* Task prompt *
Output the data unchanged and complete, minus the images.

* Given material *
-=-=-=-=-
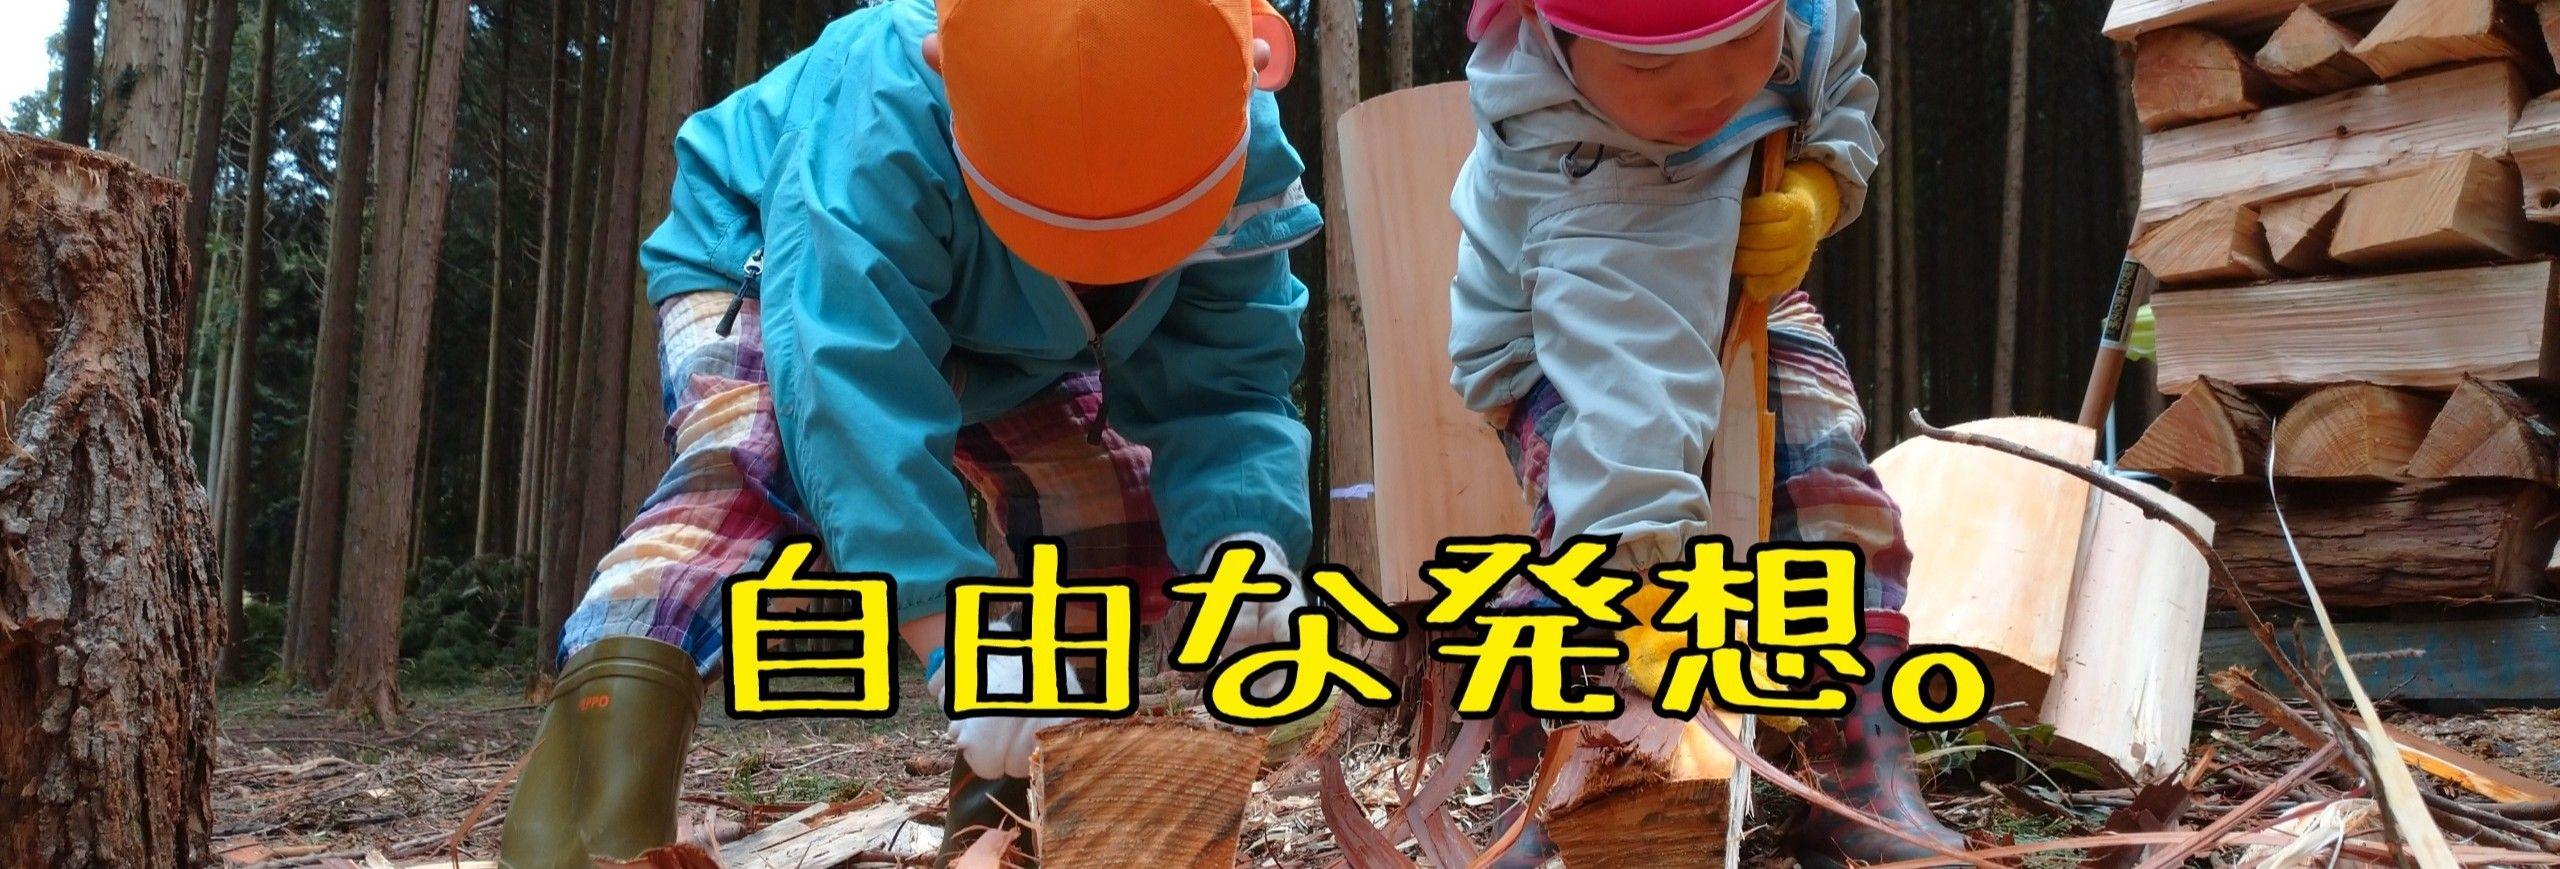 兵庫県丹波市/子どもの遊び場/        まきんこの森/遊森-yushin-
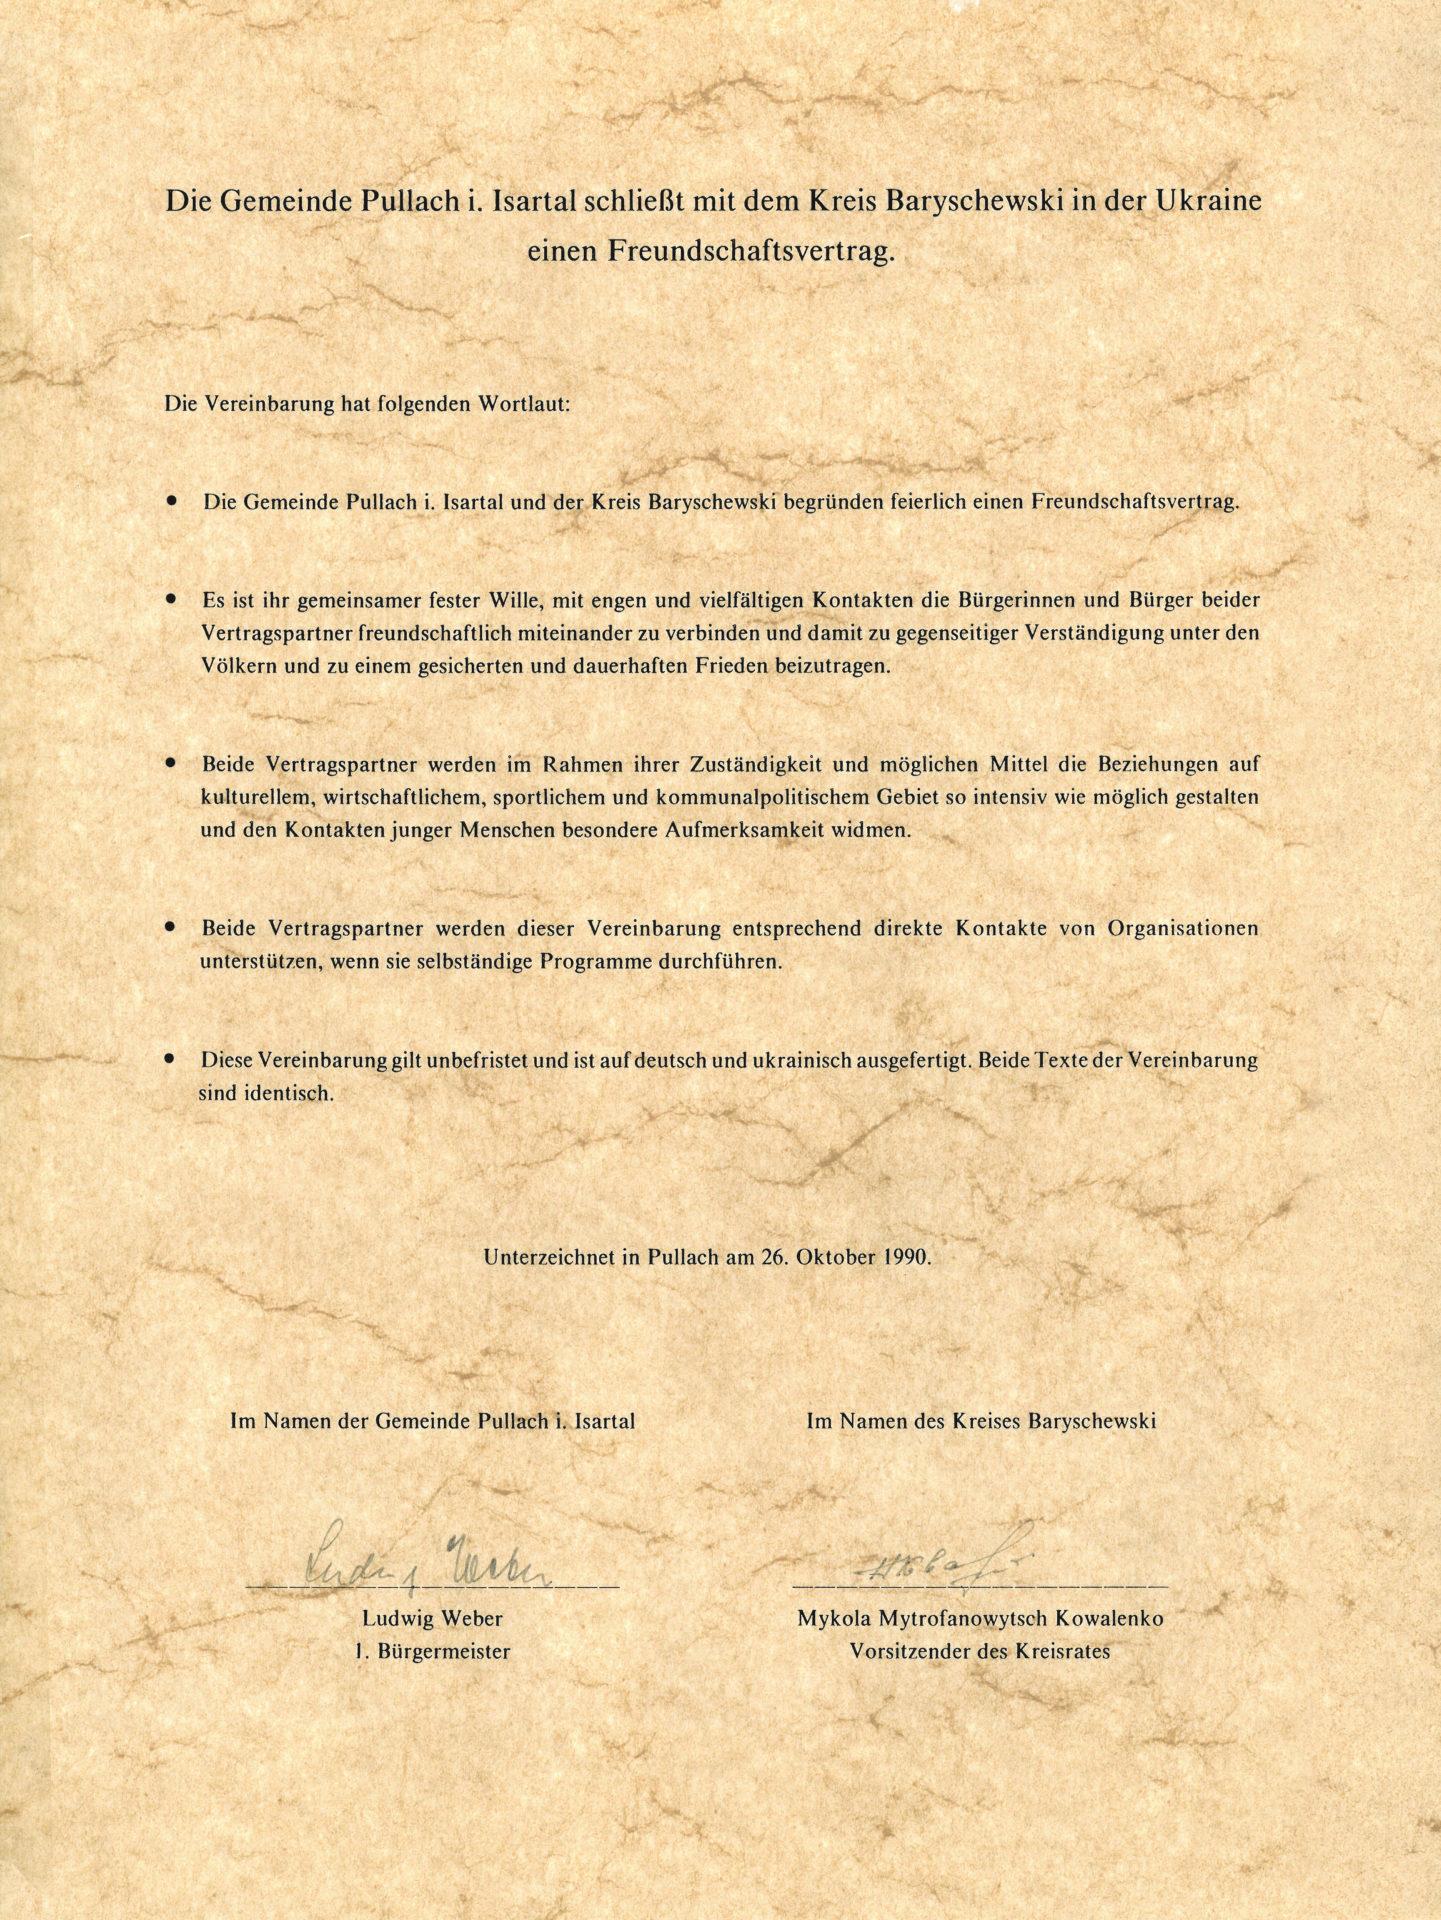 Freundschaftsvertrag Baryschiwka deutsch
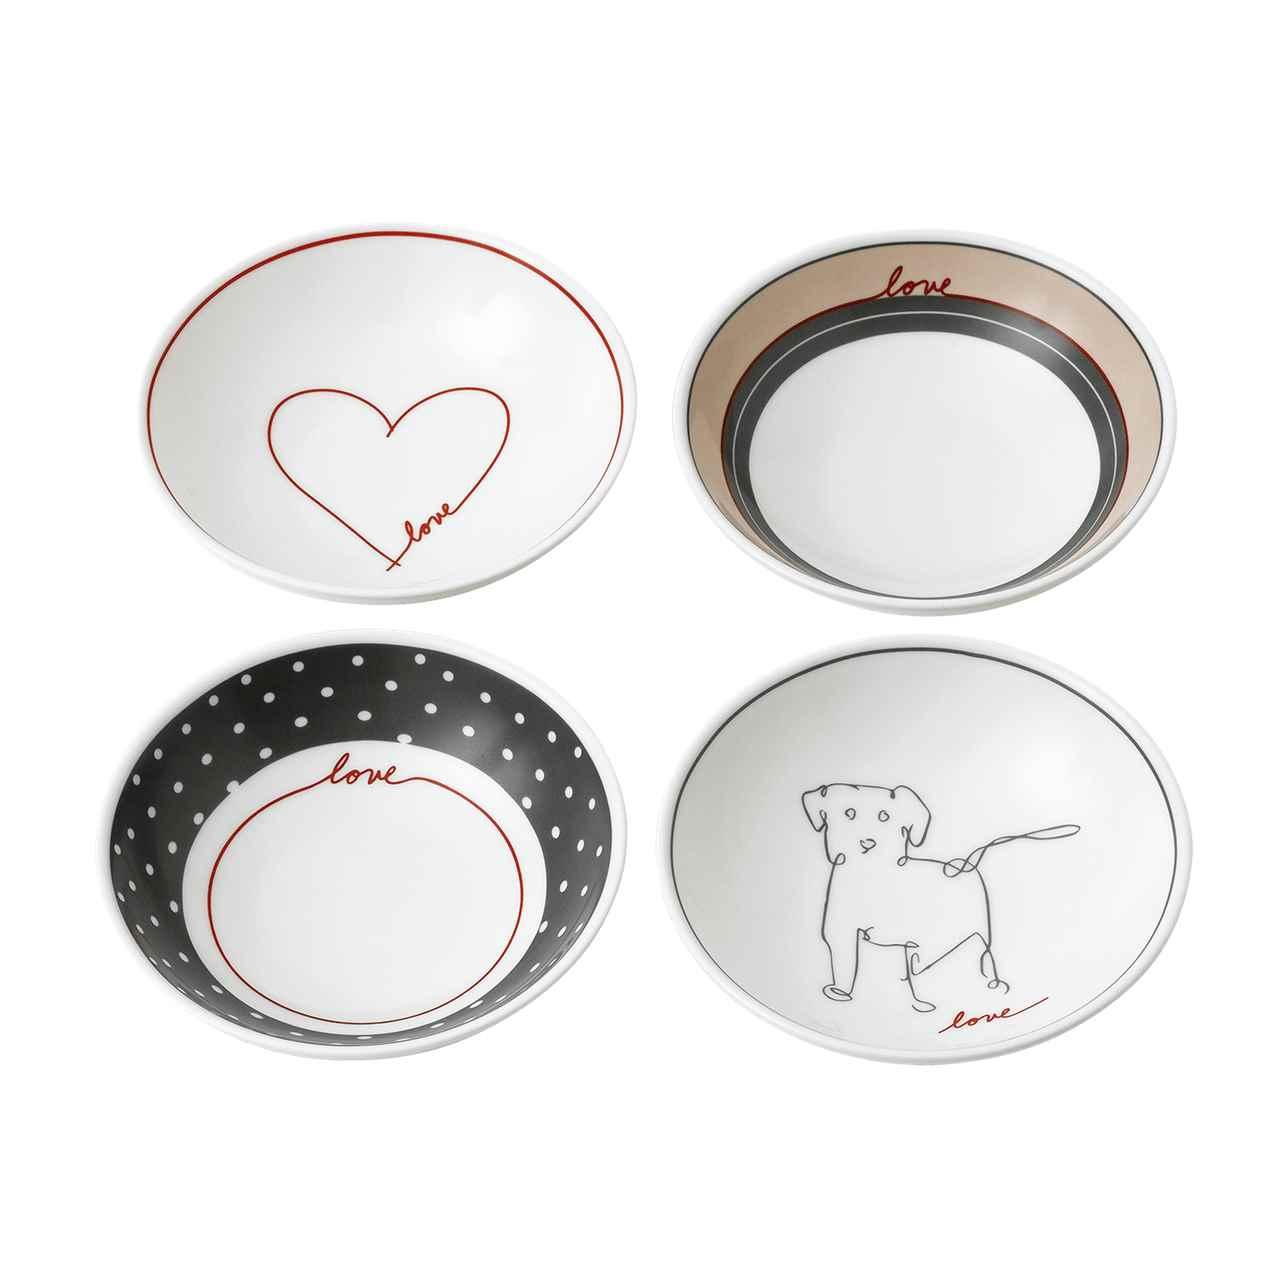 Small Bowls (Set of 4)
-=-=-=-=-
* Response to the task *
 兵庫県丹波市/子どもの遊び場/        まきんこの森/遊森-yushin-
 Freundschaftsvertrag Baryschiwka deutsch
 Small Bowls (Set of 4)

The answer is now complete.